Once the pictures are set aside, reproduce the remaining data exactly.
(Beginning of Given information)
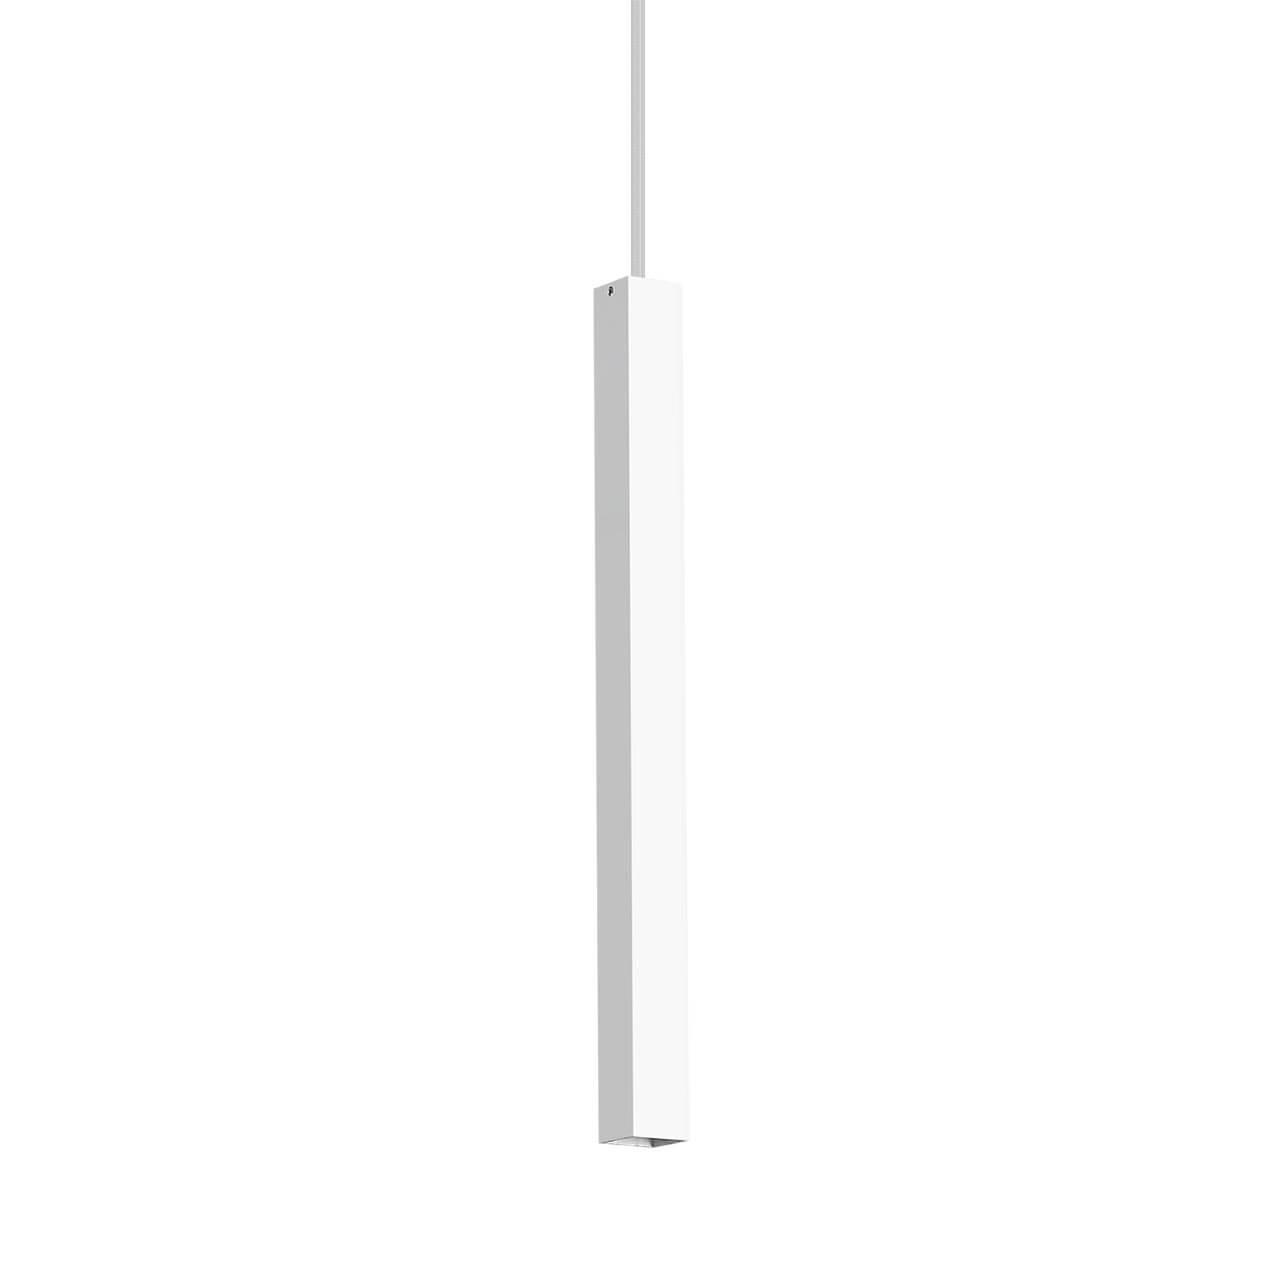 Подвесной светодиодный светильник Ideal Lux Ultrathin D040 Square Bianco 194189 светодиодный спот ideal lux goose ap bianco 142708
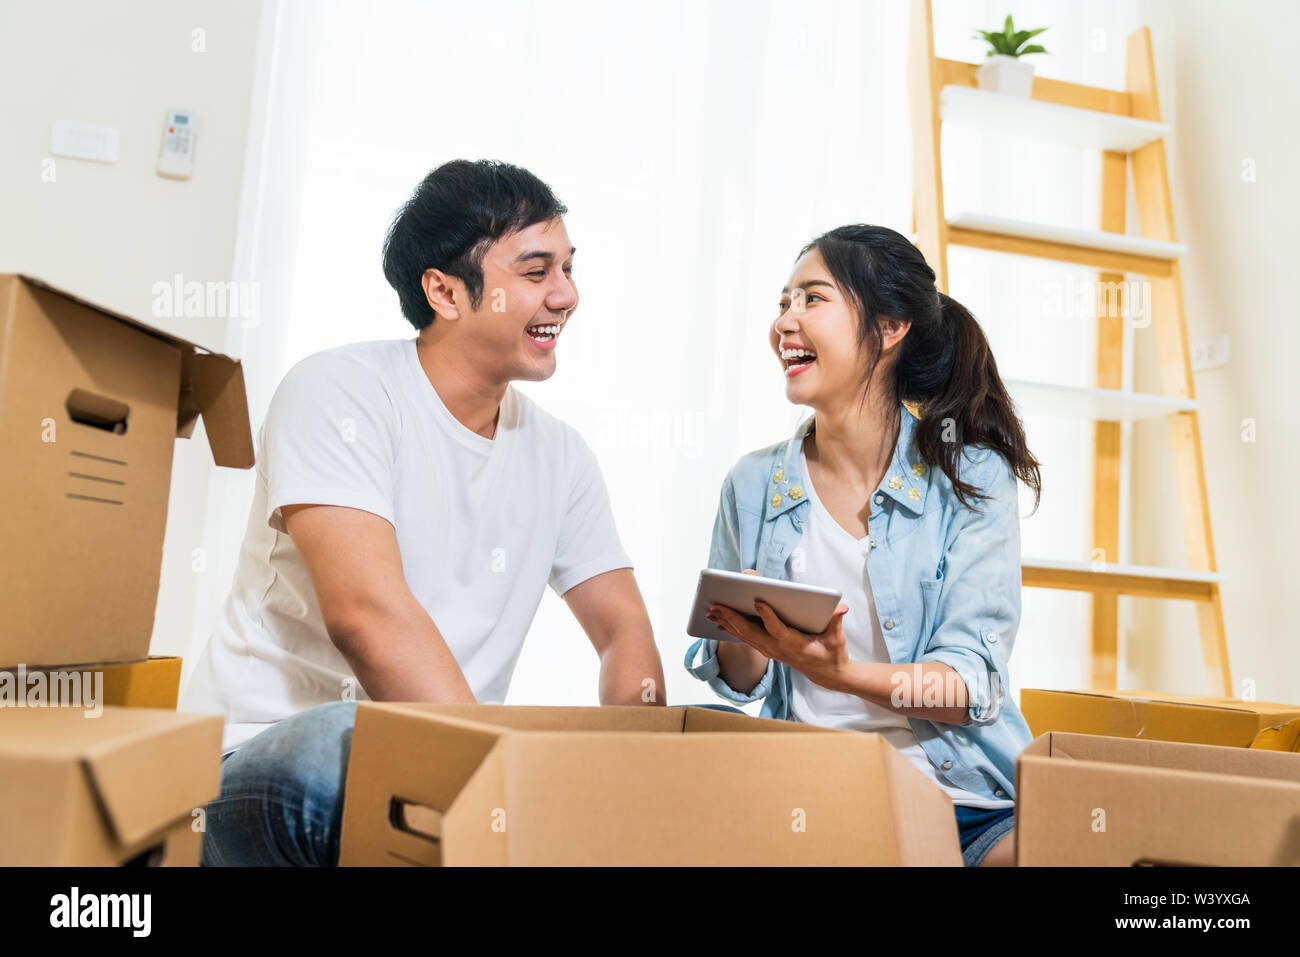 Glückliche junge asiatische Paar in Umzug in neues Haus, mit digitalen Tablet organisieren Dinge und auspacken Kästen zusammen. Home Umzug, das häusliche Leben Stockfoto
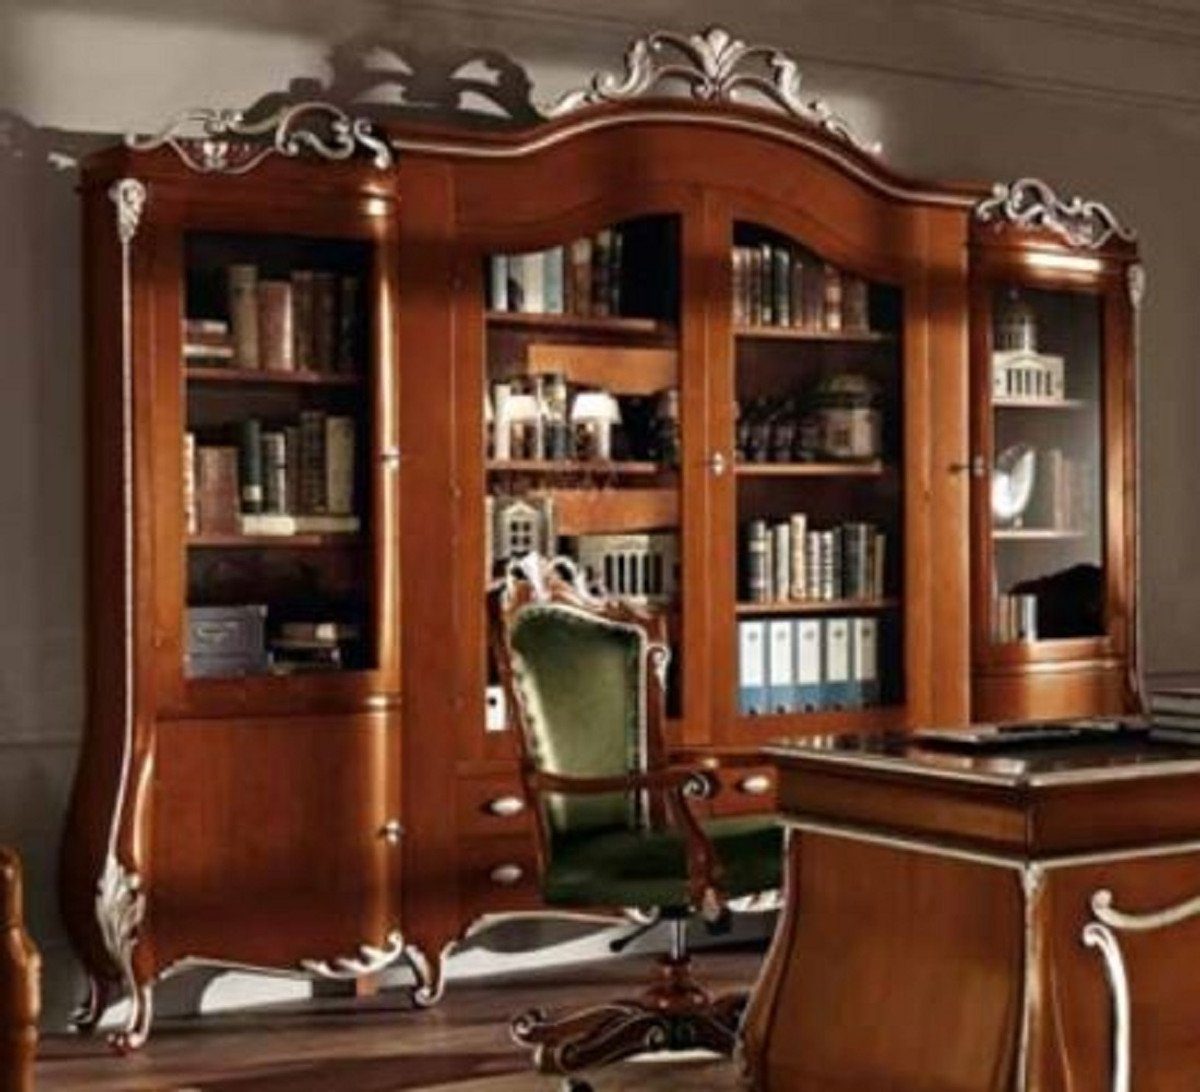 Casa Padrino Stauraumschrank Luxus Barock Schrank mit 4 Glastüren Braun / Silber - Massivholz Regalschrank - Bücherschrank - Wohnzimmerschrank - Büroschrank - Barock Möbel - Luxus Qualität - Made in Italy
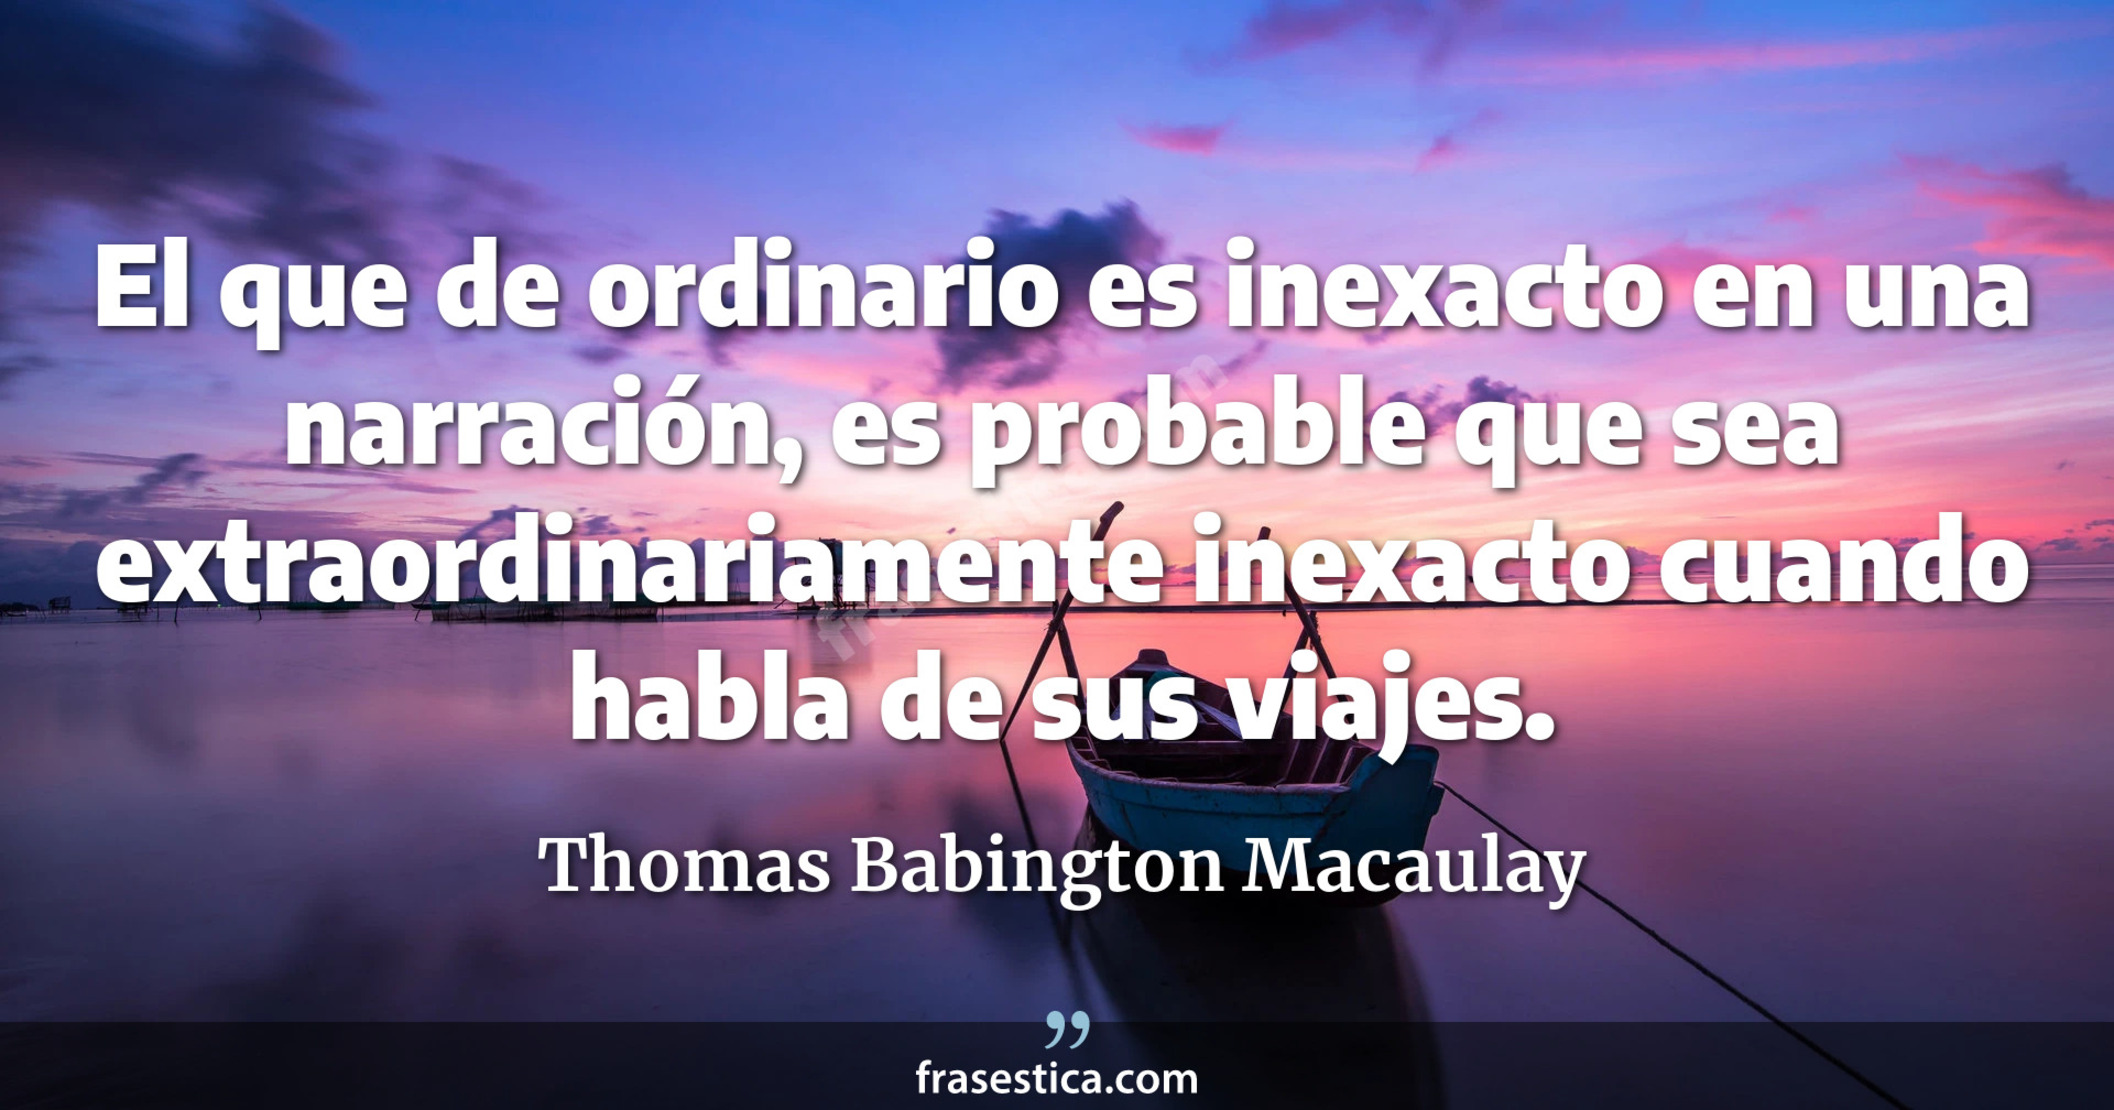 El que de ordinario es inexacto en una narración, es probable que sea extraordinariamente inexacto cuando habla de sus viajes. - Thomas Babington Macaulay
(End of Given information)
» **Solution for this exercise**:
 Подвесной светодиодный светильник Ideal Lux Ultrathin D040 Square Bianco 194189 светодиодный спот ideal lux goose ap bianco 142708
 Glückliche junge asiatische Paar in Umzug in neues Haus, mit digitalen Tablet organisieren Dinge und auspacken Kästen zusammen. Home Umzug, das häusliche Leben Stockfoto
 Casa Padrino Stauraumschrank Luxus Barock Schrank mit 4 Glastüren Braun / Silber - Massivholz Regalschrank - Bücherschrank - Wohnzimmerschrank - Büroschrank - Barock Möbel - Luxus Qualität - Made in Italy
 El que de ordinario es inexacto en una narración, es probable que sea extraordinariamente inexacto cuando habla de sus viajes. - Thomas Babington Macaulay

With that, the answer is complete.